▶ _Input material_:
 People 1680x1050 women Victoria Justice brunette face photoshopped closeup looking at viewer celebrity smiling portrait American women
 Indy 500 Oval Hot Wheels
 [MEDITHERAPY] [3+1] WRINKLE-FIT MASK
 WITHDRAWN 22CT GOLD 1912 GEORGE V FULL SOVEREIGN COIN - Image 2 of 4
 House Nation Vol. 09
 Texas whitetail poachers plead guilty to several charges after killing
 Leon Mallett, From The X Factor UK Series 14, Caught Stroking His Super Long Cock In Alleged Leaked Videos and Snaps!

▶ _What the task requires_:
Could you copy exactly the lines from the one containing "Texas whitetail poachers" through the end of the records above, and nothing more?

▶ _Problem solution_:
 Texas whitetail poachers plead guilty to several charges after killing
 Leon Mallett, From The X Factor UK Series 14, Caught Stroking His Super Long Cock In Alleged Leaked Videos and Snaps!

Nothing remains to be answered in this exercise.